President Higgins to warn soaring inflation leading to rise in ‘working poor’

He will say low-paid, temporary and insecure jobs have created a new poverty trap, “one made all the more difficult to escape in the aftermath of the pandemic”.
President Higgins to warn soaring inflation leading to rise in ‘working poor’

Digital Desk Staff

President Michael D Higgins will today warn that soaring inflation is leading to a rise in the “working poor” as the cost of living soars while wages stagnate.

As The Irish Times reports, the President will tell the Siptu Biennial Conference in Sligo this morning that the prevalence of in-work poverty was a “consequence of unstable, precarious, low-paid and temporary jobs.

“Entering work does not, by definition, provide a sustainable route out of poverty owing to the widespread prevalence of low-paid jobs, flexible and zero-hours’ contracts and other innovations that are increasing the numbers who are now termed ‘precariats’.”

He will say low-paid, temporary and insecure jobs have created a new poverty trap, “one made all the more difficult to escape in the aftermath of the pandemic”.
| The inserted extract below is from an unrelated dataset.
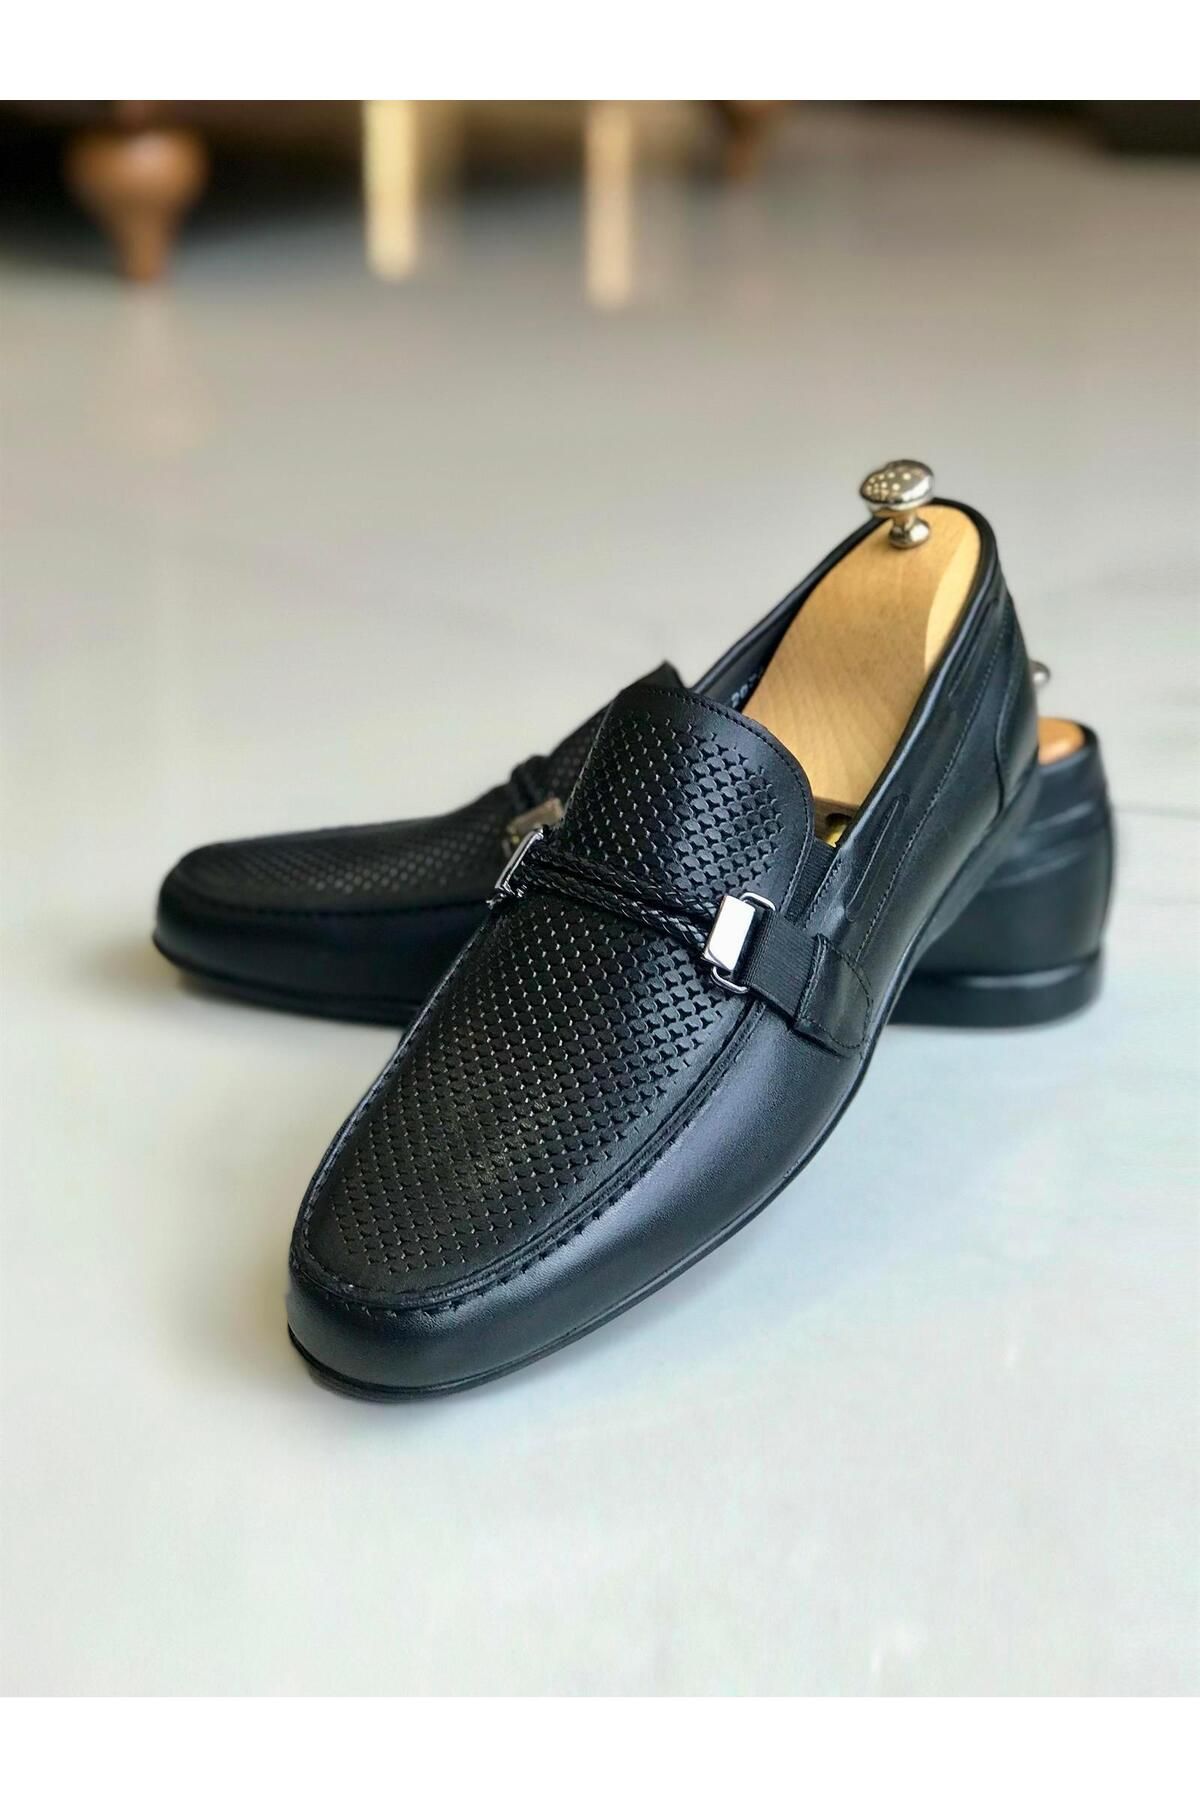 TerziAdemAltun İtalyan Stil Iç Dış Naturel Deri Erkek Ayakkabı Siyah T7843

“There is a danger that an ‘any-job-will-do’ mantra may dictate welfare and enterprise policy as countries struggle to cope with the political, economic and societal pressures that the pandemic is likely to bring in its wake.”

Mr Higgins will say trade unions have a key role to play in any reshaping of the working world in the aftermath of Covid-19.

Work practices

In a speech that will also touch on the role of unions and their members in addressing issues such as the humanitarian crisis arising from the war in Ukraine, climate change and sectarianism, the President will highlight what he sees as the potential for an ongoing benefit from changed work practices widely adopted over the past two years.

He will argue unions have a central part to play in negotiating this new normal for workers.

“The pandemic has prompted a profound reassessment of how we work, where we work, even why we work, all of which has to come out of negotiation and in the design of which there must be a lead role for trade unions and their membership,” he will say.

“Covid-19 has demonstrated the effectiveness of remote working in appropriate circumstances and . . . survey after survey indicates that a blended form of remote and office-based working is the preference for the majority of workers as we emerge from the pandemic,” he will tell the conference.

The President will also cite the environmental benefits that can accrue to society as a whole, with much-reduced commuting and the related potential for financial benefits to workers themselves.